Webradios in Frankreich: Ein Katalog, der unmöglich festzulegen ist
FM und DAB+ decken Hunderte von Sendern ab. Die Webradios hingegen zählen in die Tausende. Jede Vereinigung, jedes Musik-Kollektiv oder jeder Hochschulsender kann einen Streaming-Stream ohne hertzielle Genehmigung starten. Das Problem für den Hörer ist nicht der Zugang (ein Browser reicht aus), sondern die Auffindbarkeit: Eine bestimmte thematische Webradio zu finden, erfordert ein aktualisiertes und kategorisiertes Verzeichnis.

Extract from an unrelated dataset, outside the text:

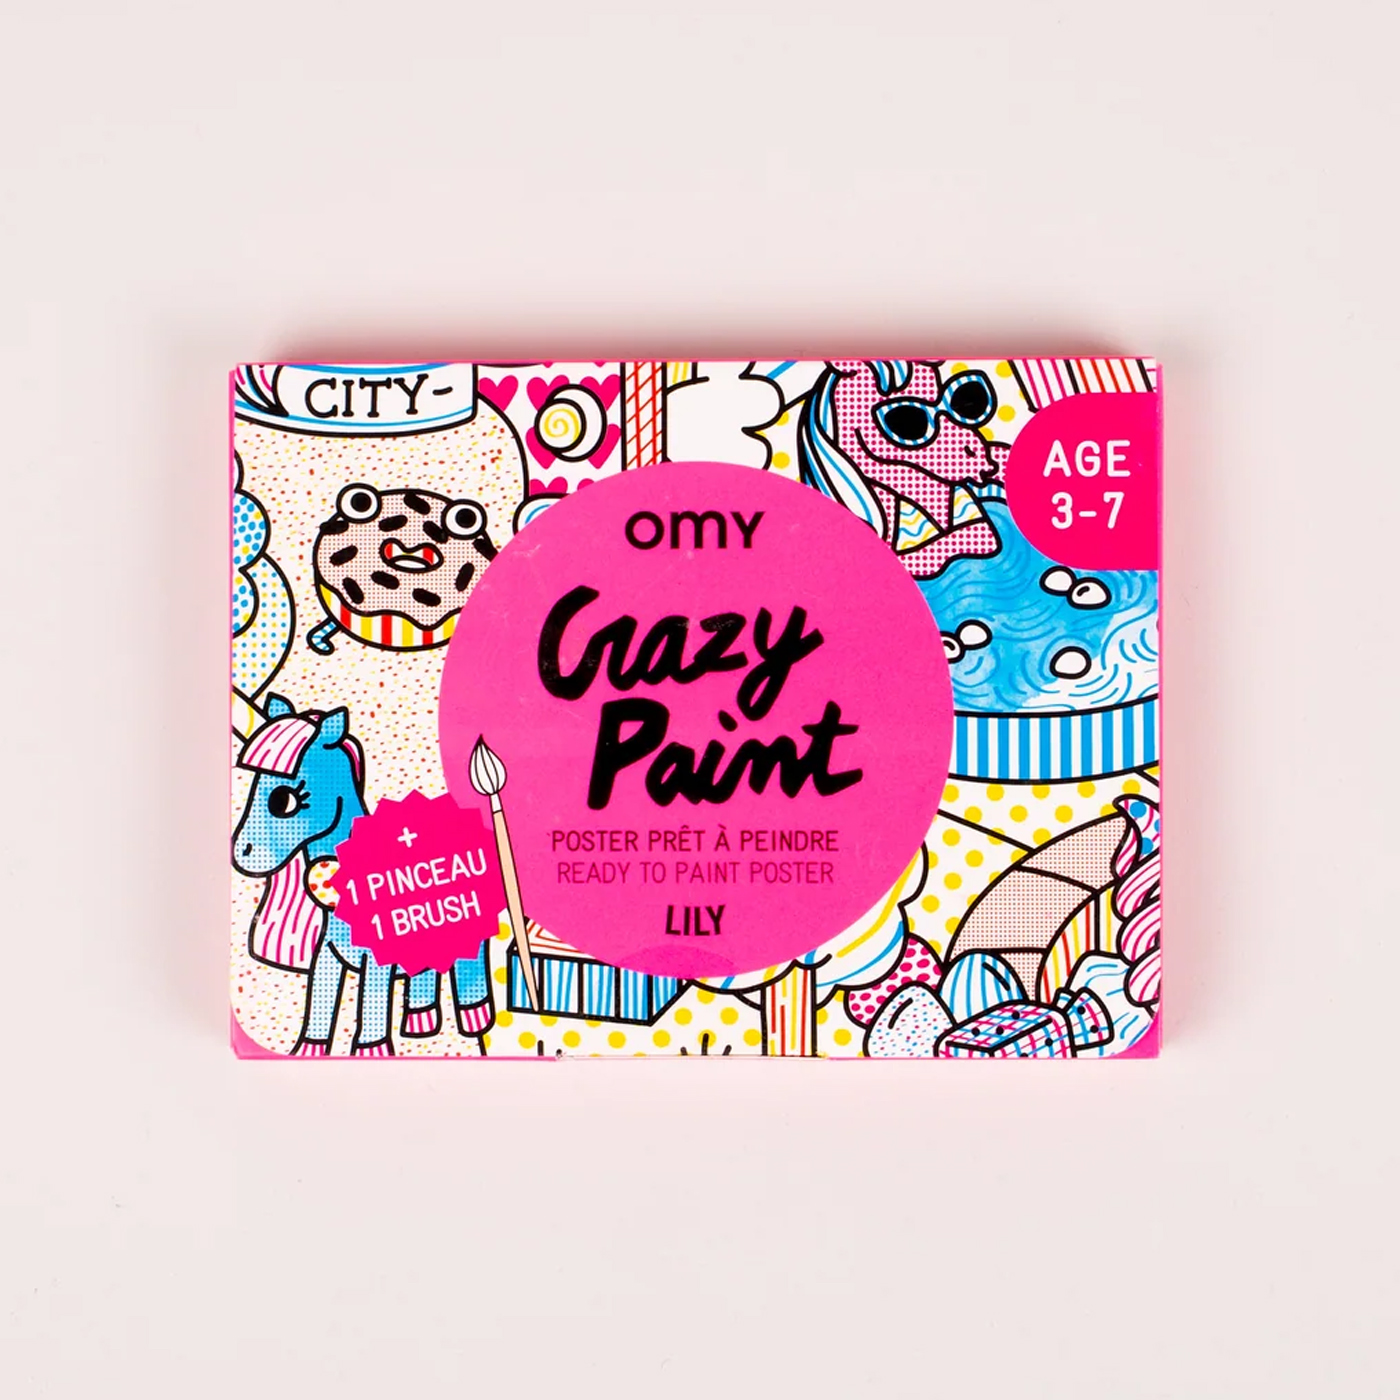  Omy Crazy Paint  | Lily

Sortierkriterien für ein nützliches Webradio-Verzeichnis
- Klassifizierung nach tatsächlichem Musikgenre (Pop, Rock, Hits, klassische Musik) und nicht nur nach geografischer Lage, die für einen Online-Stream keinen Sinn macht
- Regelmäßige Überprüfung der Verfügbarkeit des Streams: Ein erheblicher Teil der auf Aggregatoren referenzierten Webradios führt zu toten oder umgeleiteten Streams
- Echtzeit-Metadaten zu Künstler/Titel, die unerlässlich sind, um zu identifizieren, was man hört, ohne von einem festen Programmablauf abhängig zu sein
Plattformen wie radio.fr oder myradioendirect.fr bieten das direkte Hören an, funktionieren jedoch eher als Player denn als durchsuchbare Datenbanken nach Frequenz, Genre oder geografischem Gebiet.

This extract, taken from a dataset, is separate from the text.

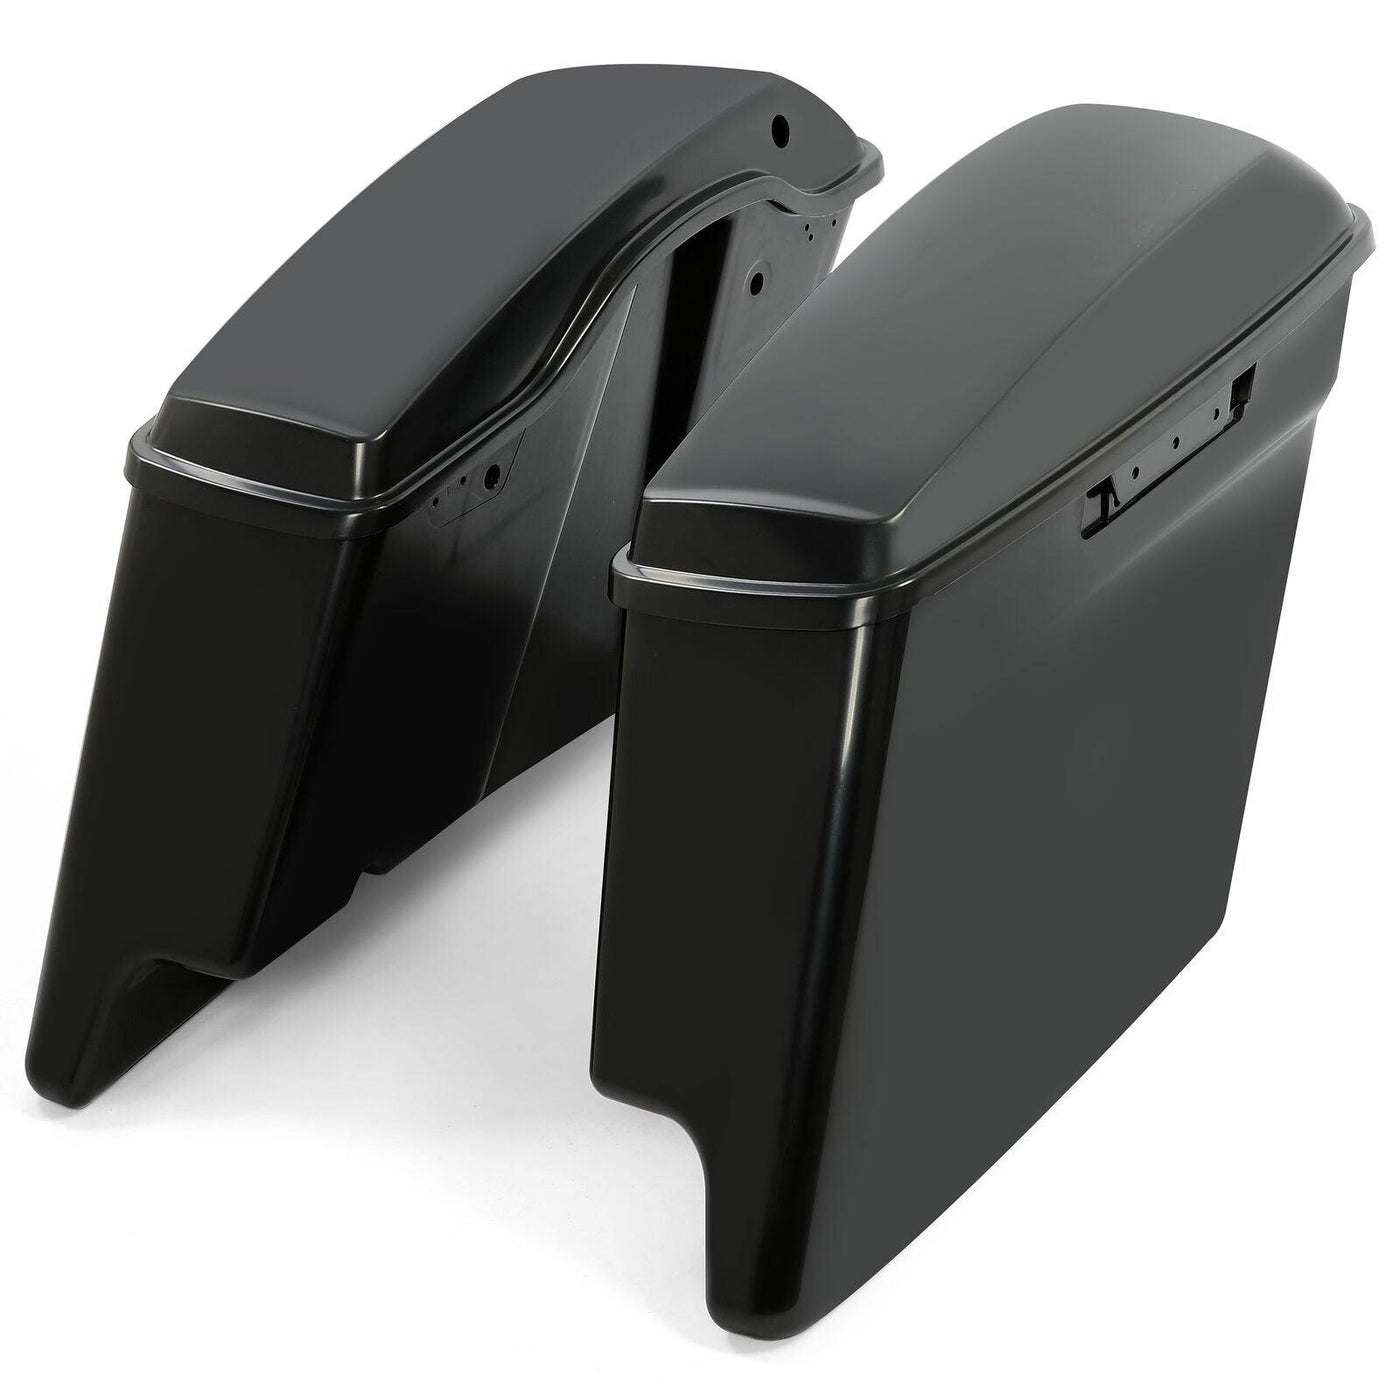 Unpainted 5" Stretched Extended Hard Saddle bags For Harley Road King 2014-2020 - Moto Life Products

Regionale Abdeckung: FM, DAB+ und Webradios überschneiden sich nicht
Wir empfehlen, nach technologischen Schichten zu denken, anstatt nach Verwaltungsregionen. In Auvergne-Rhône-Alpes oder der Bretagne schreitet die DAB+-Abdeckung in den Ballungsräumen schnell voran, bleibt jedoch in vielen ländlichen Gebieten absent. Die FM behält dort ihre Rolle als territoriales Netzwerk, insbesondere für die RCF-Netzwerke oder lokale gemeinnützige Radios.
In Île-de-France ist die Situation umgekehrt: Die Sättigung des FM-Bereichs drängt neue Sender in Richtung DAB+ oder Streaming. Thematische Radiosender (Jazz, Weltmusik, native Podcasts) haben oft keine FM-Frequenz in der Pariser Region und existieren nur auf DAB+ oder als Webradio.
Bereiche, in denen DAB+ die Situation verändert
- Nord-Pas-de-Calais: Dichte regionale Multiplexe mit Blöcken, die nationale Sender (NRJ, Skyrock) und gemeinnützige Radios im gleichen Set zusammenfassen
- Provence-Alpes-Côte d’Azur: Aktive Ausweitung entlang der Küste, ungleiche Abdeckung im Hinterland
- Nouvelle-Aquitaine und Pays de la Loire: Fortschreitende Erweiterung mit deutlichen Unterschieden zwischen Metropolen und mittelgroßen Städten
Um das gesamte Gebiet ohne blinde Flecken abzudecken, bleibt die Kombination aus FM + DAB+ + Webradio der einzige realistische Ansatz. Kein einzelnes Verbreitungsmedium garantiert den Zugang zu allen Sendern in allen Regionen.
Das Frequenzverzeichnis für Radiosender in Frankreich war noch nie so dynamisch, zwischen der geplanten FM-Neuzuweisung für 2027, der Ausweitung von DAB+ und der Proliferation von Webradios. Ein festes Verzeichnis reicht nicht mehr aus: Das relevante Werkzeug ist das, das die drei Verbreitungsschichten aggregiert und sich im Einklang mit den regulatorischen Entscheidungen aktualisiert.